But in order to compete, the Mets must get solid starting pitching — even if Santana returns healthy and ready to go. Over the past four years, Mike Pelfrey has shown the ability to both impress you and leave you scratching your head.

In 2008,  he finished 13-11 with a 3.72 ERA, followed by a 2009 season in which he went 10-12 with a career high 5.03 ERA. And just when you were ready to write him off, he had his best season ever, winning 15 games and possessing a 3.66 ERA. Then the bottom fell out last year with a 7-13 record and a 4.74 ERA.

So what do you make of his inconsistency? Clearly he has shown the ability to rebound. Pelfrey’s track record would indicate a good  season in 2012. But I refuse to just dismiss this with a one-year-on, one-year-off explanation.

I really believe Pelfrey fell in love with his new pitch — the cutter — last season. It gave him some success in 2010, but the problem was it forced him to move away from his real strength — a hard sinking fastball. He gave up a career high 21 homers last year and I firmly believe the cutter had a lot to do with that. He needs to get back to basics. Pelfrey was a top draft pick because he threw a hard sinker very similar to Brandon Webb.

And if he is to have success, he needs to return to his roots.

Another big thing for Pelfrey is the presence of Santana, who I firmly believe has a profound influence on the big right-hander for a number of reasons. First and foremost, a return to ace status for No. 57 will allow Pelfrey to be Pelfrey — and not force the righty to be something he is not. Secondly, Santana spent hours with Pelfrey when he was healthy talking to him about preparation, focus and confidence.

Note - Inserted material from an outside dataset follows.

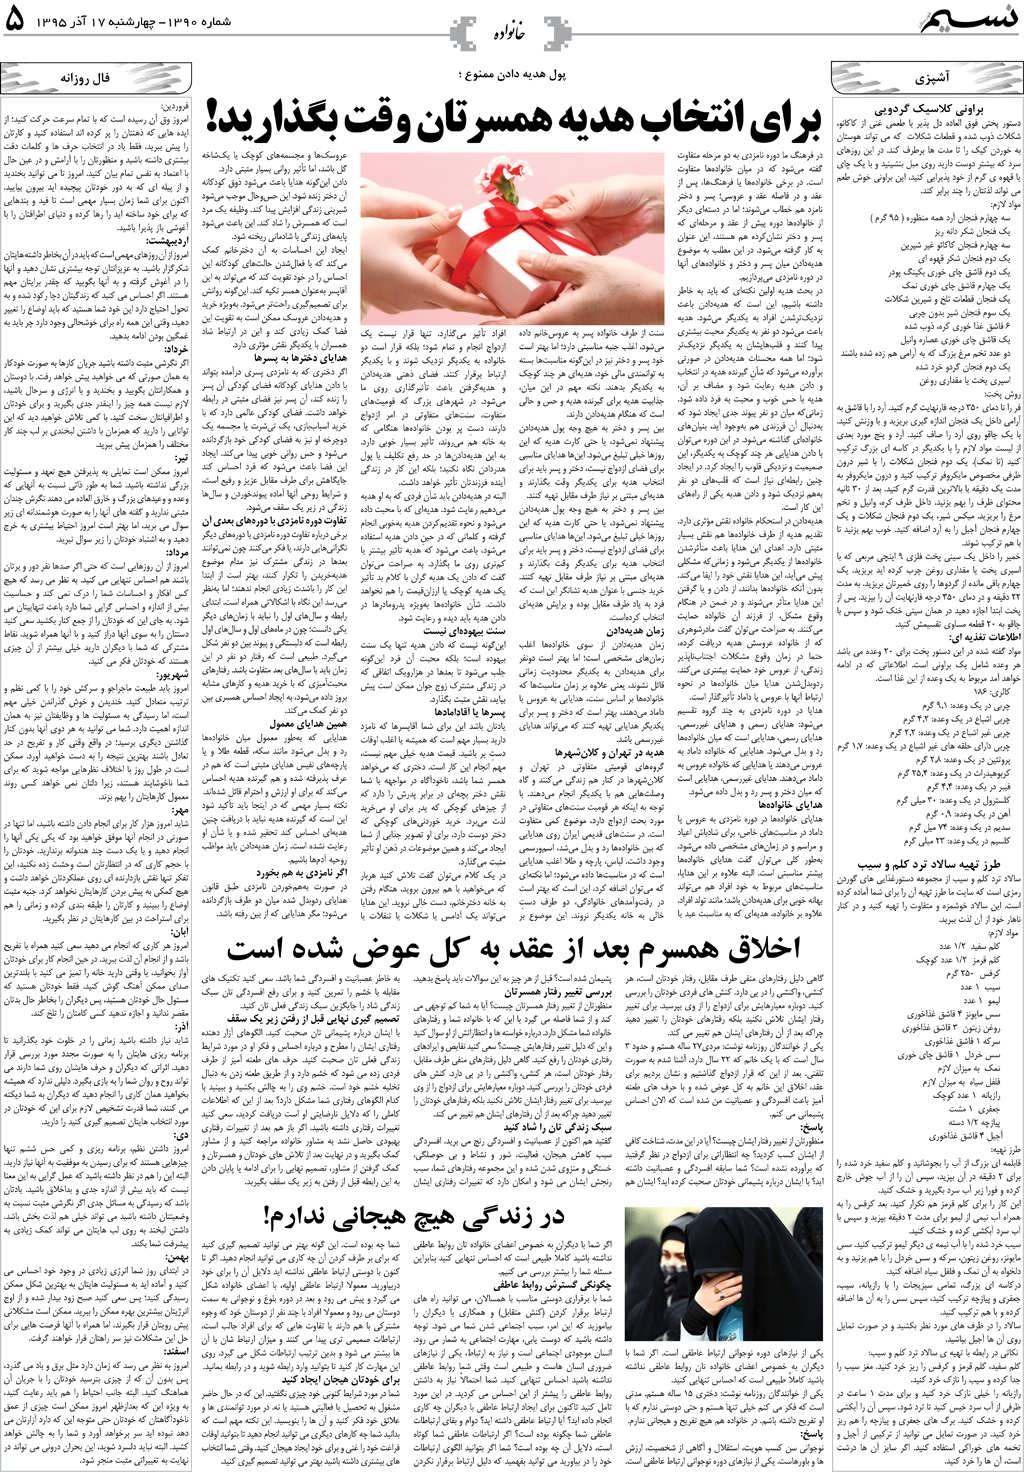 صفحه خانواده روزنامه نسیم شماره 1390

“He has great stuff,” said Santana a few years ago in spring training. “And he needs to trust his stuff. You do thinking before you throw a pitch not during the motion of pitching.”

And that is an important point for Pelfrey. He has good stuff and sometimes he suffers from over thinking. That especially came to fruition when Terry Collins made him the Opening Day starter — one of the few mistakes the manager made last year. When he does not over think things, he performs well.  Case in point: Back in 2010, Pelfrey relieving in that marathon game in St. Louis. He performed in a very tough situation because he did not have time to worry about the moment. “Paralysis by Analysis” is the term for it I think.

I have gotten to know Pelfrey in the past few years and nobody wants to win more than him. He is a great teammate, very well-liked in all corners of that clubhouse and a real role model in the way he handles himself with both and the media and the fans. More importantly, he has talent. And if I were a general manager, I’d want him on my staff.

Pitching is a strange thing. Some hurlers blossom right away while others need time to develop. R.A. Dickey re-invented himself after an injury because he had the will to make it back to the majors. The road for Pelfrey is slightly different because he is physically healthy but he needs an injection of confidence and a return to “his basics” of pitching.

In both 2008 and 2010, he showed he could be more than a serviceable pitcher.

If he returns to that form in 2012, the Mets’ starting rotation may start to look a lot better than the gloomy picture the baseball world has depicted for all of us to see.